Until recently, UK group claims over issues such as equal pay were dealt with on paper by large teams of lawyers and assistants. This meant claims were expensive to run and cumbersome to manage, and while many succeeded in obtaining justice for claimants, not many law firms were prepared or set up to pursue these types actions.
However, as more sophisticated technology and funding models have become available, group claims have become easier to handle, less costly to run and are consequently more attractive to law firms, clients and funders.
What makes a viable group action?
Group action claims work best where both of the following apply:
Everyone has exactly the same cause of action; and
What is being litigated is a legal point, rather than a factual point.
Equal pay claims by groups of workers against large employers like major retailers and local authorities lend themselves particularly well to this type of litigation and there are currently several underway against the likes of Morrisons, Boots, the Co-op, Tesco, Sainsbury's and Asda.
Increasingly, the model is also becoming attractive to UK corporate clients, such as groups of small-to-medium sized businesses (SMEs) who have legitimate claims but lack the financial resources or standing to pursue them on their own.
Growing areas of group litigation in the UK are:
Securities claims by individual shareholders or institutional investors who have lost money on their investments (due to a breach by a broker, platform or financial provider);
Competition follow-on damages claims, by both individuals or companies, such as SMEs that purchased vehicles from the Daimler, Volvo, Iveco, MAN and DAF trucks cartel between 1997 and 2011;
Claims following a change in tax and pension legislation, or interpretations of that legislation (such as the £1.6 billion Eclipse film finance scheme dispute with HMRC); and
Business interruption insurance claims against insurers or brokers, for example childcare providers who were not offered an appropriate policy by their broker
Litigation can quickly become disproportionately expensive, a fact that in many instances limits access to justice for those without deep pockets.

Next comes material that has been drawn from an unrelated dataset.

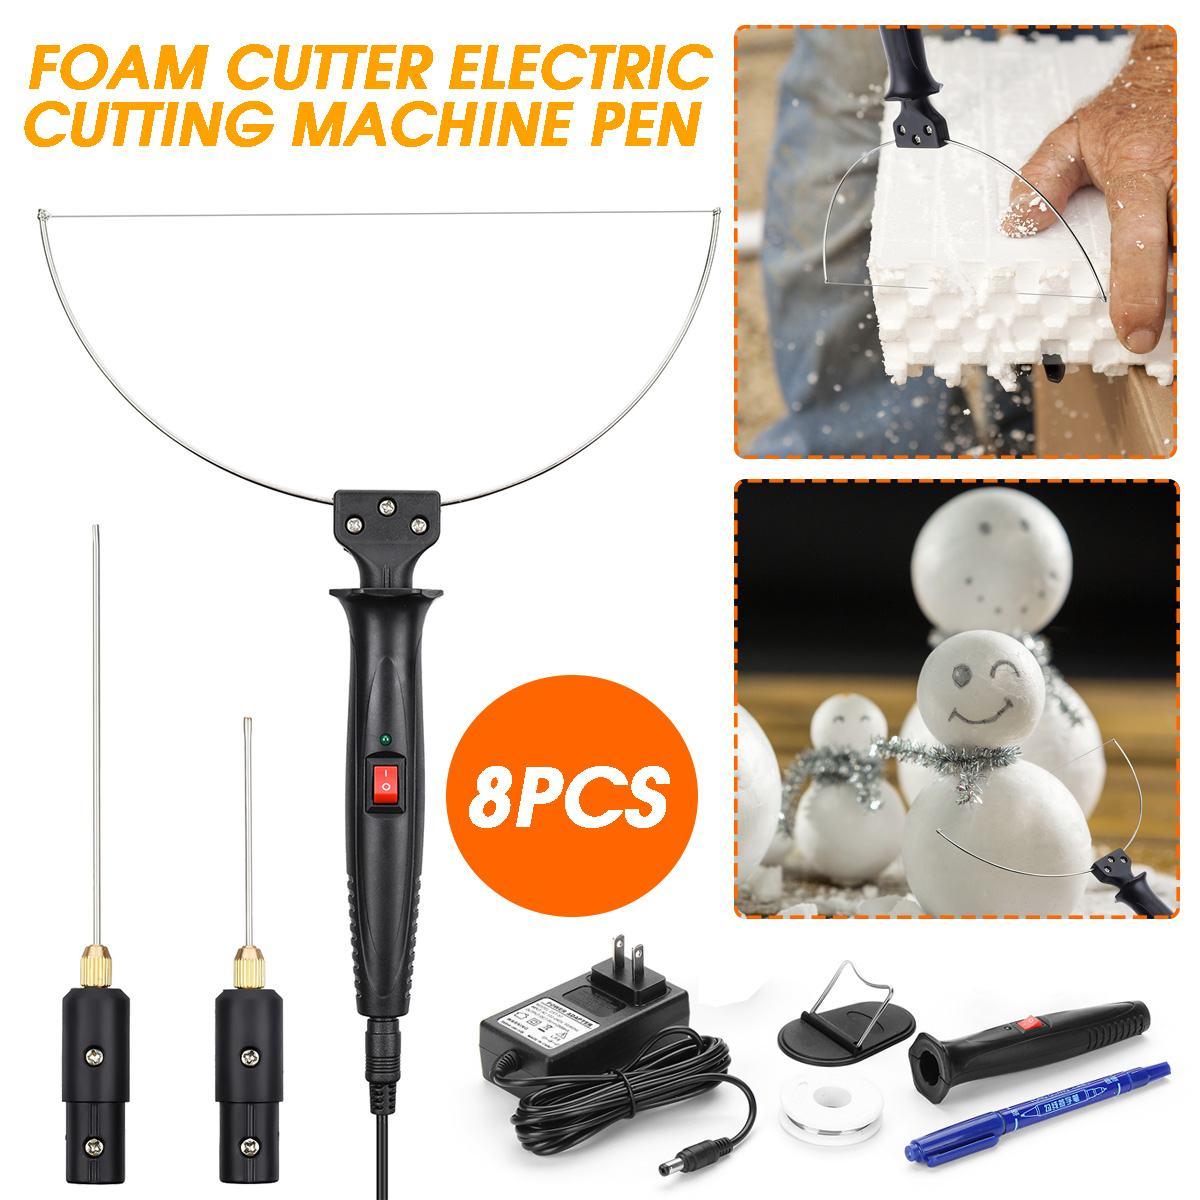 KIWARM 3 In 1 Electric Styrofoam Cutter 18W Cutting Machine Pen Tool Set Alloy Portable Foam Cutting Knife Tool Hot Heating Wire

Most individuals and SMEs who have valid claims for compensation simply do not have the financial resources to pursue their claims in the courts.

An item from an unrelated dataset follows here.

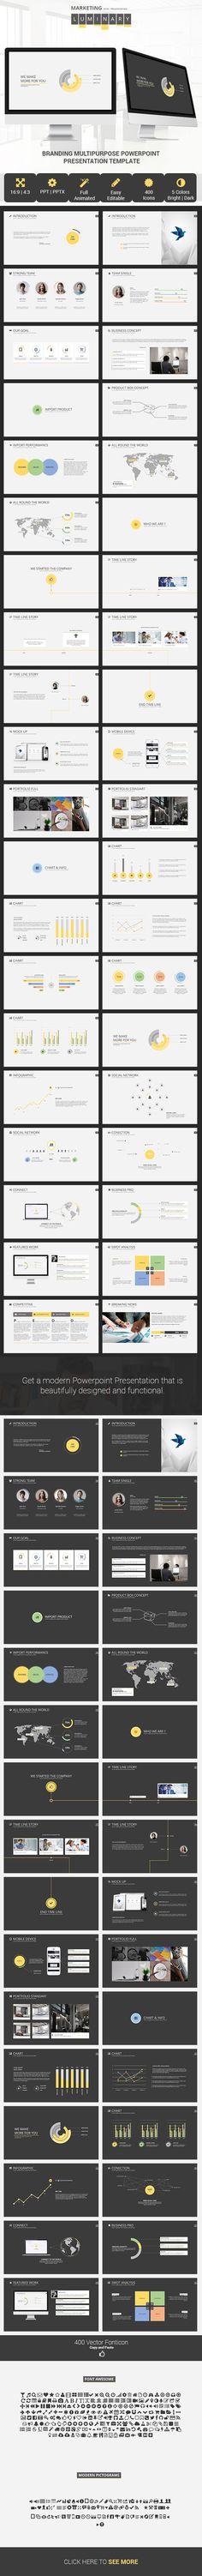 sample business plan powerpoint presentation

Those that do have the resources often conclude that even if they win their case, they will be financially worse or scarcely better off as a result of bringing the claim.
By joining a group action, however, claimants can collectively instruct a single legal team to pursue a large amount of compensation on behalf of all members of the group, or "class".
If the claim is successful, claimants each receive a worthwhile share of the compensation and the law firm is able to recoup its fees from the same pot.
Such claims are mostly run on a no-win, no-fee basis, although other types of funding and damages arrangements are emerging to suit different types of claimants.
Traditional routes for group litigation
There are a number of ways of handling group claims. Historically, one of the most popular routes in the High Court has been via Group Litigation Orders (GLOs).
Sometimes GLOs are the ideal mechanism for pursuing a group claim, but they do not work for all kinds of claims. In particular, GLOs can be very narrow in focus and do not allow for wider groups of claimants with broadly similar issues. Cut-off dates can also be problematic for claimants.
Claimants that do not meet the criteria for a GLO can still issue a separate claim, but this loses the overall economy of scale of running a group litigation.
Another form of collective action in English procedure which has been in use for some years is known as a "representative claim", or "representative action".
These claimants work on the principle that one claimant can represent other parties with an identical interest. However, representative claims are not available where the group of claimants require different remedies or have materially different fact patterns that form the basis of their claims.
GLOs, with defined common "GLO issues" are therefore the generally preferred options for collective actions in England and Wales, particularly for securities claims.
As group litigation continues to grow, the courts are likely to review both the GLO and representative claim regimes and work with the legislator to reflect the need for greater flexibility in the rules.
The UK Consumer Rights Act 2015 (CRA), which came into force on 1 October 2015, was tipped to fundamentally transform the cartel claims environment in the UK.
Schedule 8 of the CRA created a new collective proceedings regime for damages claims before the Competition Appeals Tribunal (CAT).
While claims under the CRA are still in the relatively early stages, the likelihood is that both these types of claims and the courts will evolve with the needs of the consumer and case law will determine what types of claims the CRA serves best.
What mechanism will work best for a particular claim depends what the claim is, how it has been set up and what the claim is about.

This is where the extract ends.